Das wäre mir neu, bei Kat 4 darf man nicht, aber sonst schon, siehe Applikationshandbuch von Pilz:


----------



## HBL (4 November 2008)

Hallo Zusammen



> Zitat von *drfunfrock*
> 
> 
> _Gibt es für solche Diskussionen nicht eine Grundlage in Form einer Norm? Ok, der Not-Aus-Schalter ist definiert, aber die Analyse, wie eine Maschine in den Not-Stop zu gehen hat, kann doch nicht nur dem Programmierer oder dem Zufall überlassen werden._


 
Die Analyse, wie eine Maschine im Notfall anzuhalten ist, kann nur über eine Risiko-, Gefahrenanalyse und anschliessend mit einem Massnahmenkatalog ermittelt werden. Dies verlangt die MRL (europäisches Recht). Zum Vorgehen einer Risikoanalyse gibt die Norm EN ISO 14121 "RISIKOBEURTEILUNG" eine Anleitung.


In keiner Norm steht, dass es verboten ist, Endschalter in Reihe zu schalten. Zu dieser Aussage habe ich mich bei einer Zertifizierungsstelle schlau gemacht, welche das bestätigt.

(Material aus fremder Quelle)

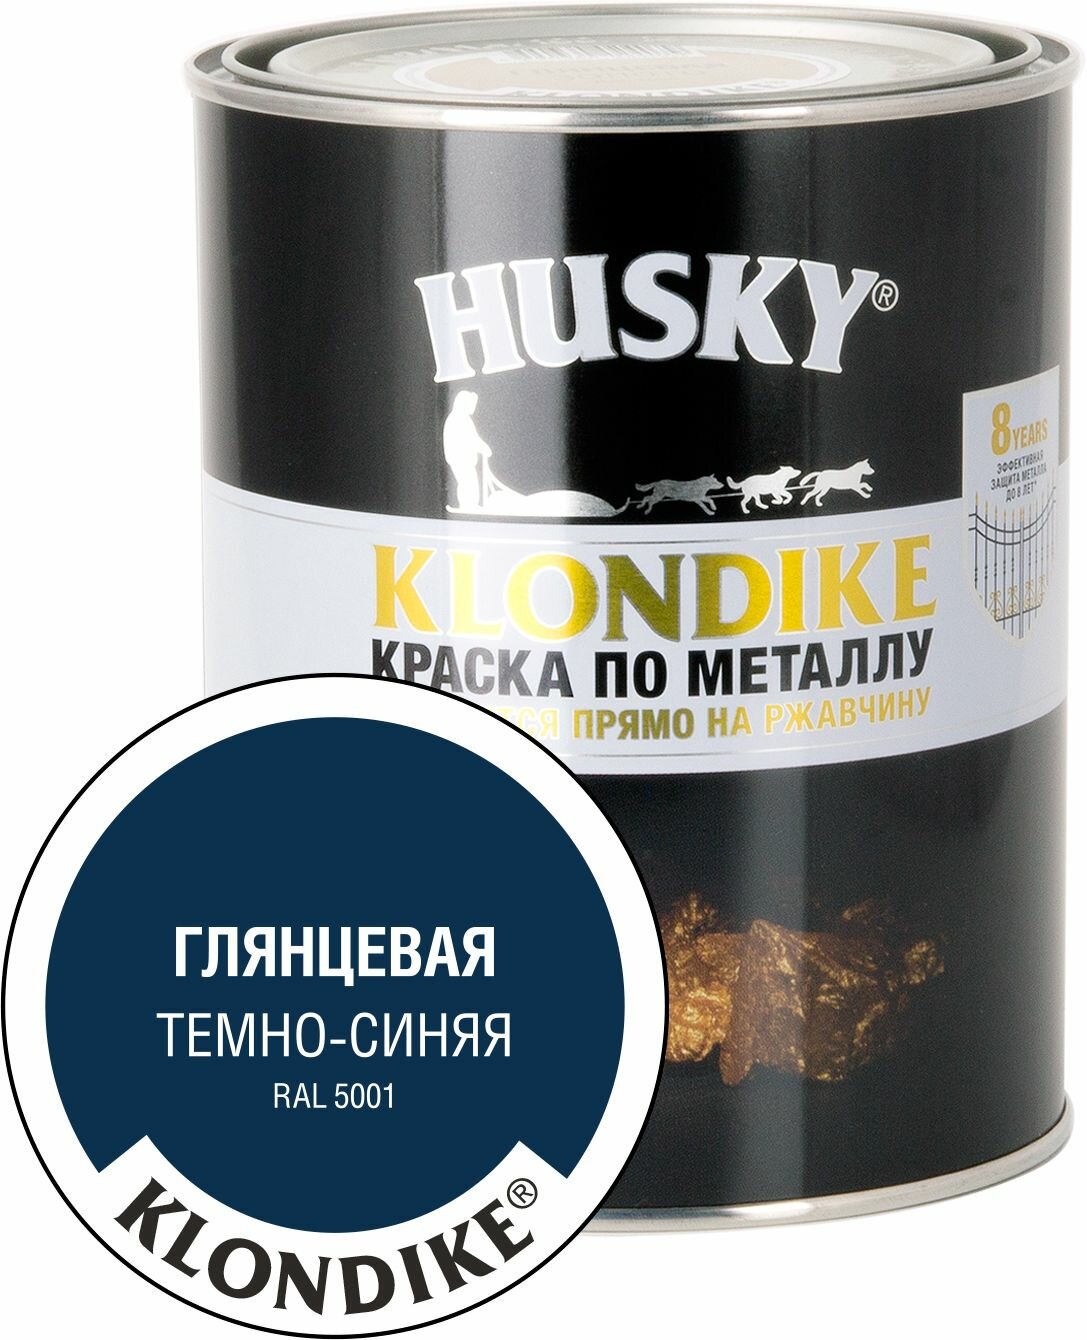 Краска по металлу HUSKY KLONDIKE (Темно-синяя RAL 5001) 0,9 л

Zu Steuerungskategorie 3 nach Norm EN 954-1 oder EN ISO 13849-1 steht in der entsprechenden Erläuterung sinngemäss, die sicherheitsgerichteten Steuerungsteile müssen so angeordnet sein, dass ein Fehler erkannt wird und die Maschine in den sicheren Zustand übergeht. Weitere Fehler werden nicht erkannt und können zum Verlust der Sicherheit führen.

Im Gegensatz dazu, wird in beiden vorgenannten Normen bei der Steuerungskategorie 4 verlangt, jeder Fehler in den sicherheitsgerichteten Steuerungsteilen muss erkannt werden und die Maschine in den sicheren Zustand bringen.

Der genaue Wortlaut muss halt in den einschlägigen Normen nachgelesen werden.

Was den gebrochenen Betätiger eines Enschalters der Kategorie 2 (ist nicht identisch mit der Steuerungskategorie 2 nach Norm EN 954-1 oder EN ISO 13894-1) betrifft, so wird in der Norm EN ISO 12100 "Grundbegriffe, allgemeine Gestaltungsleitsätze" verlangt, dass Endschalter und deren Betätiger so zu montieren sind, dass ein offensichtlicher Missbrauch verhindert wird.

Ebenso ist ein Betätiger so zu montieren, dass er nicht bricht.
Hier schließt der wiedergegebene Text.